Material provided:

┌──

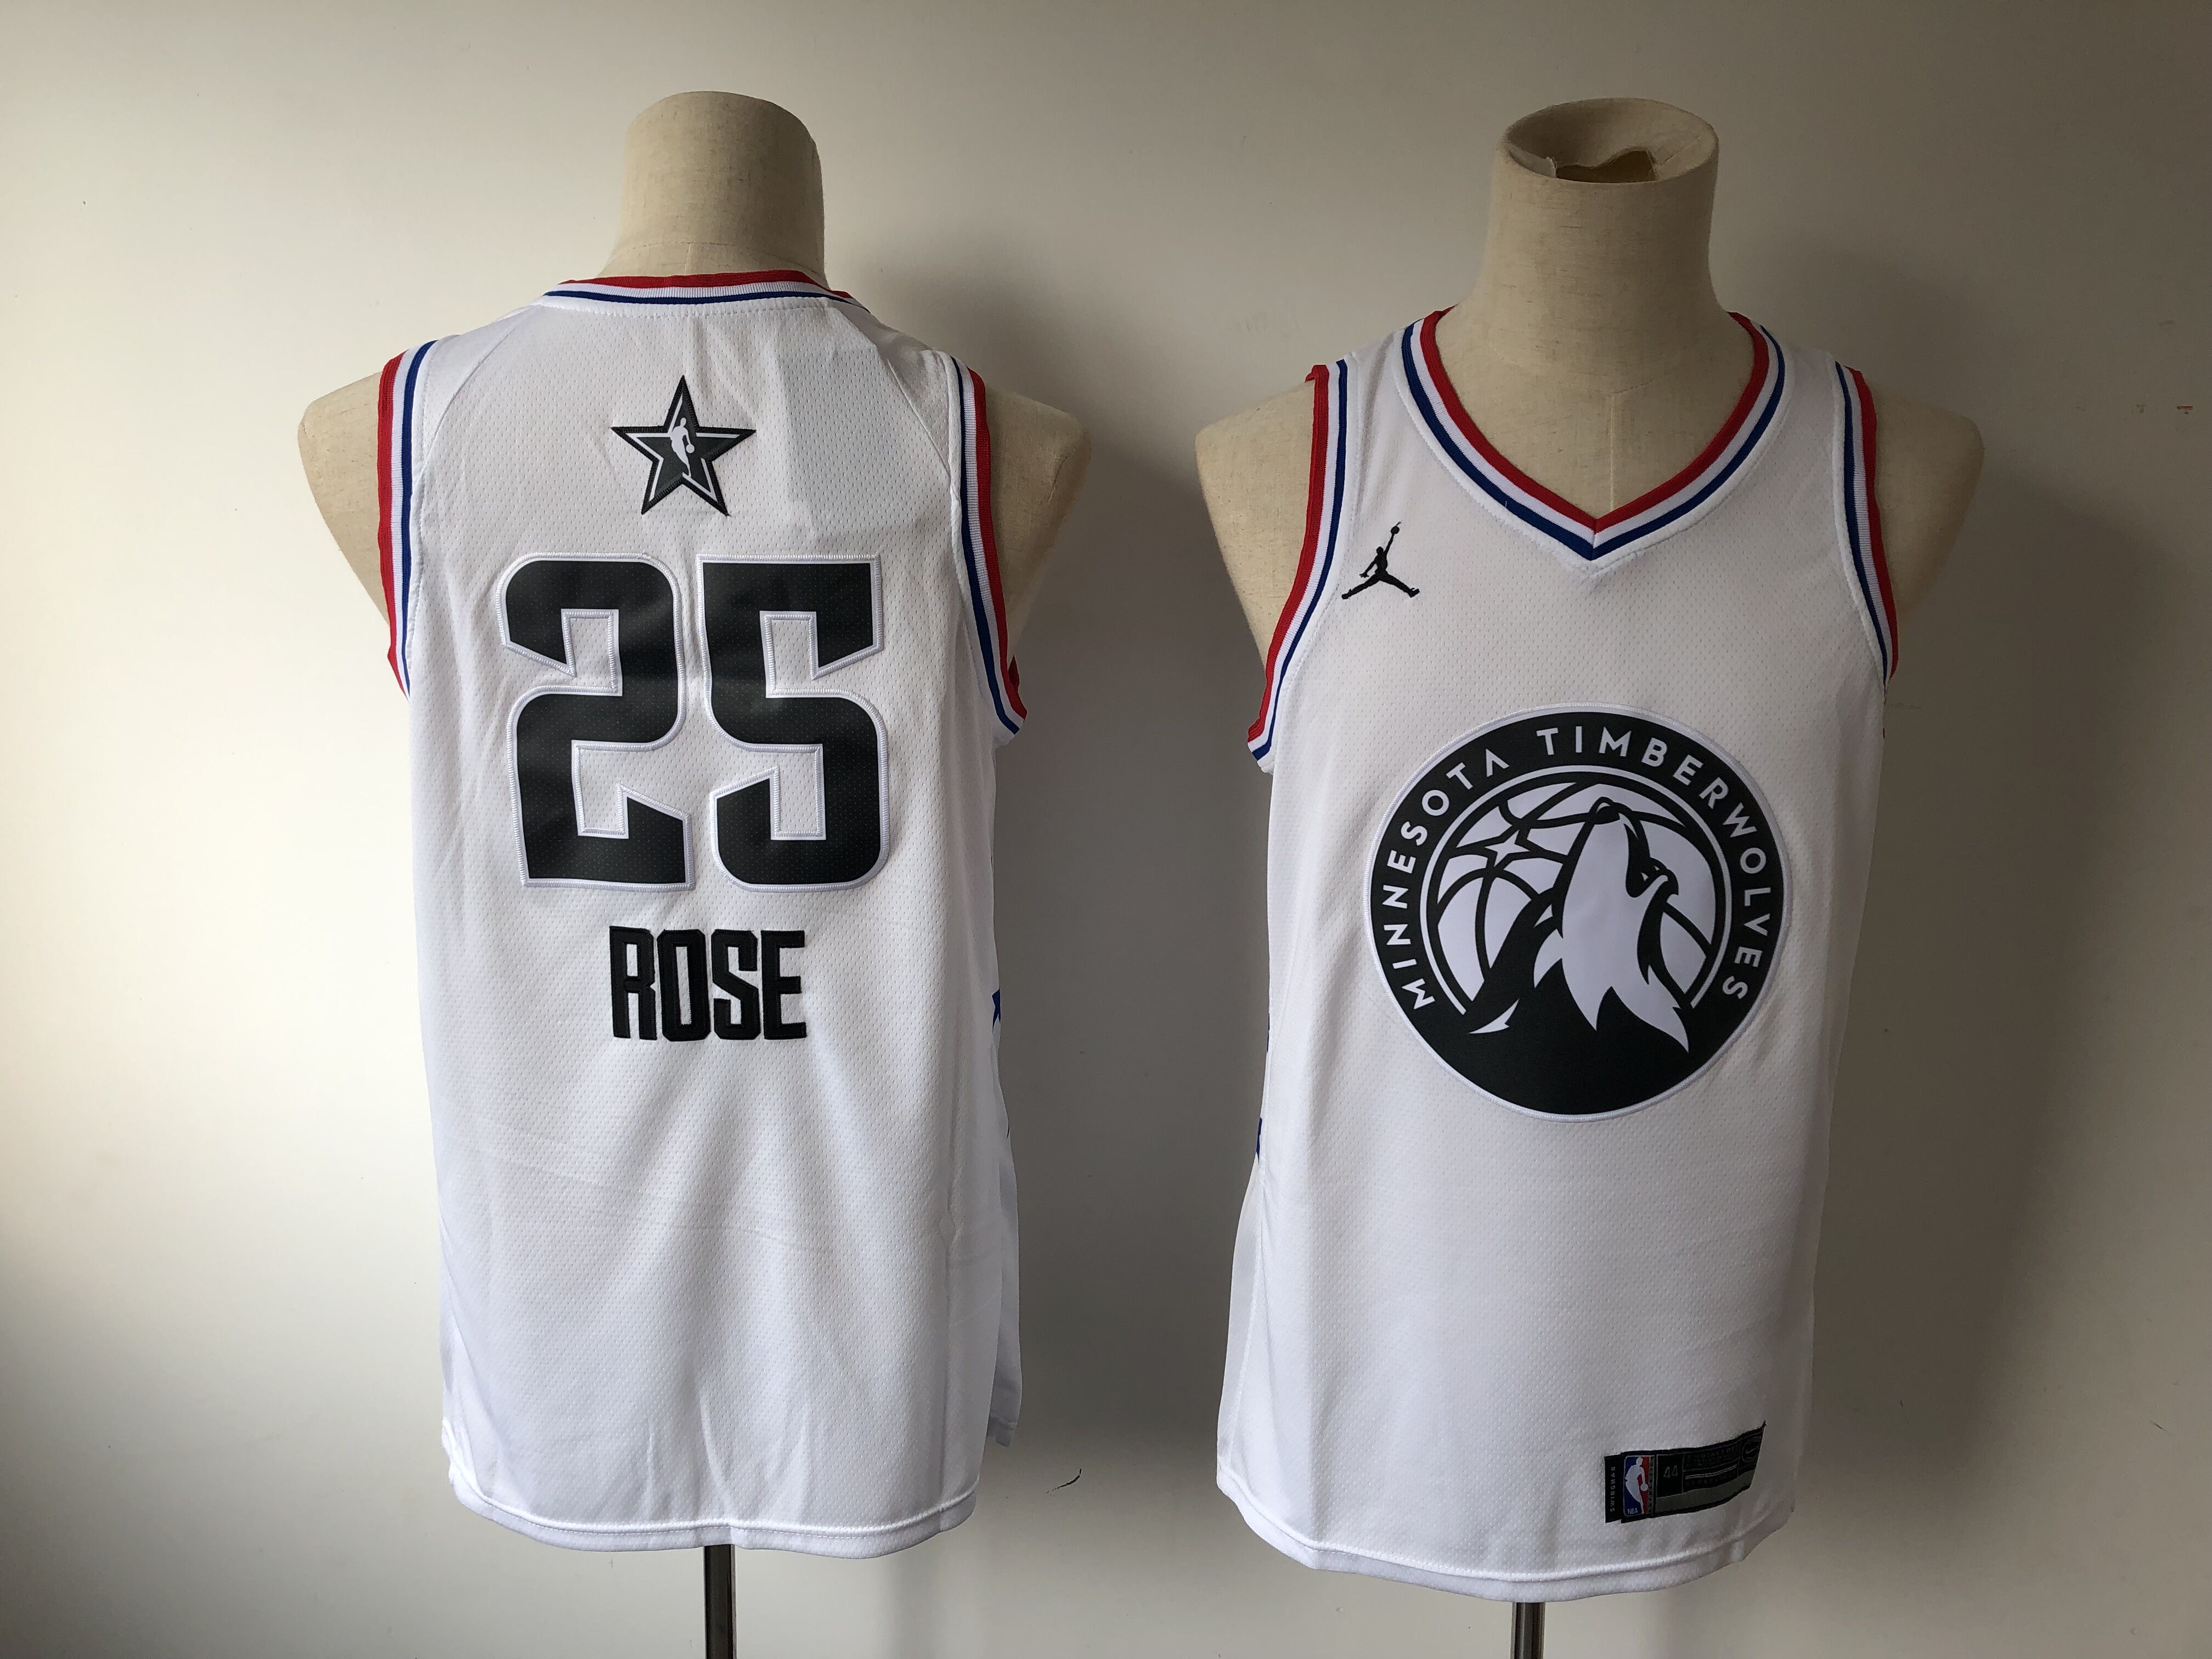 Men Minnesota Timberwolves #25 Rose White 2019 All Star NBA Jerseys->minnesota timberwolves->NBA Jersey
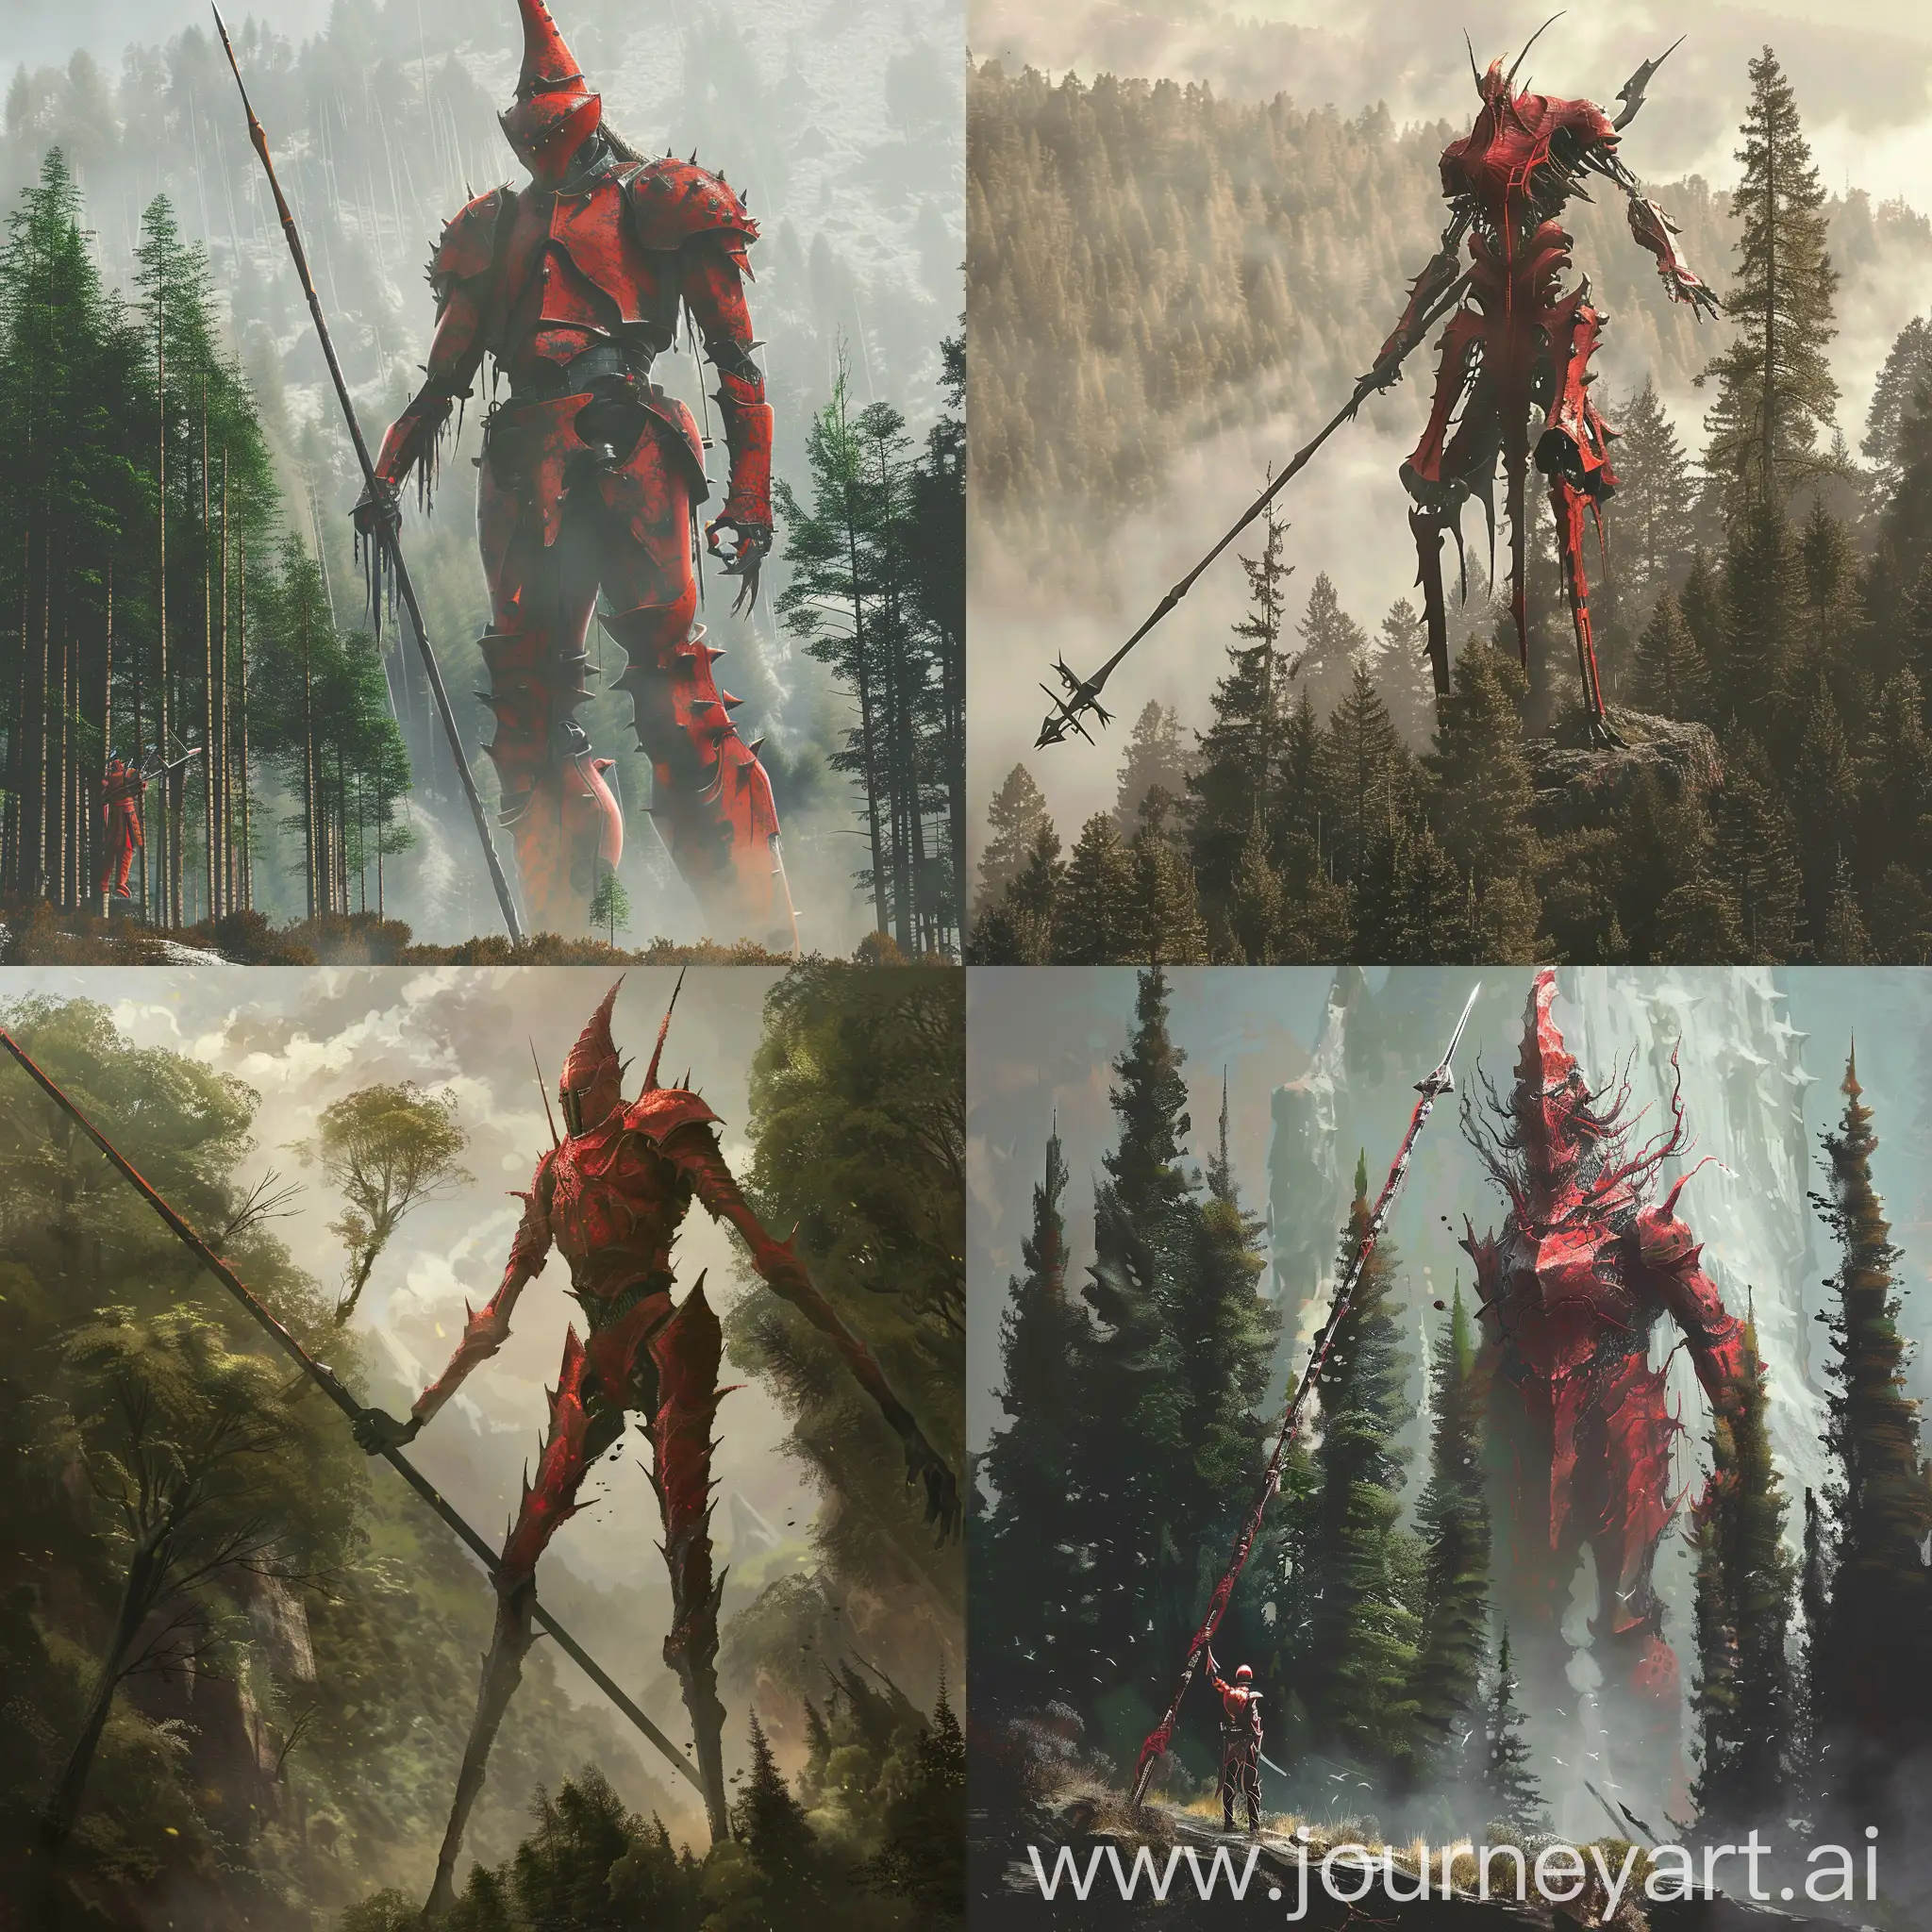 фентези высокое 6 метровое существо похожее на рыцаря в красных доспехах и длинным копьем на фоне деревьев которые меньше чем он
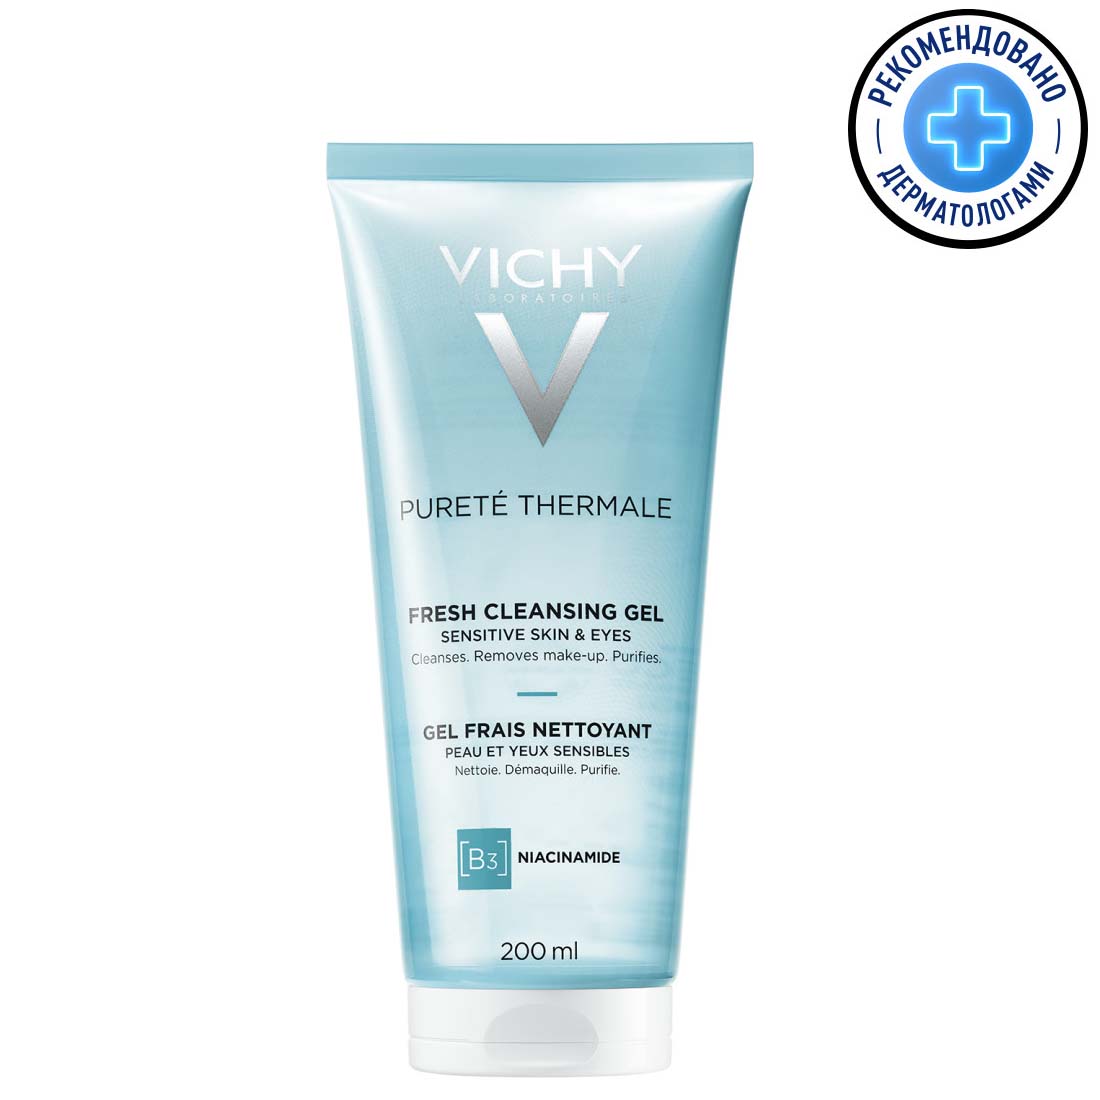 Vichy Очищающий освежающий гель для чувствительной кожи лица и вокруг глаз, 200 мл (Vichy, Purete Thermal)

└──

What to produce:
Transcribe each line above verbatim, with the pictures left out.

Answer for the task:
 Men Minnesota Timberwolves #25 Rose White 2019 All Star NBA Jerseys->minnesota timberwolves->NBA Jersey
 фентези высокое 6 метровое существо похожее на рыцаря в красных доспехах и длинным копьем на фоне деревьев которые меньше чем он
 Vichy Очищающий освежающий гель для чувствительной кожи лица и вокруг глаз, 200 мл (Vichy, Purete Thermal)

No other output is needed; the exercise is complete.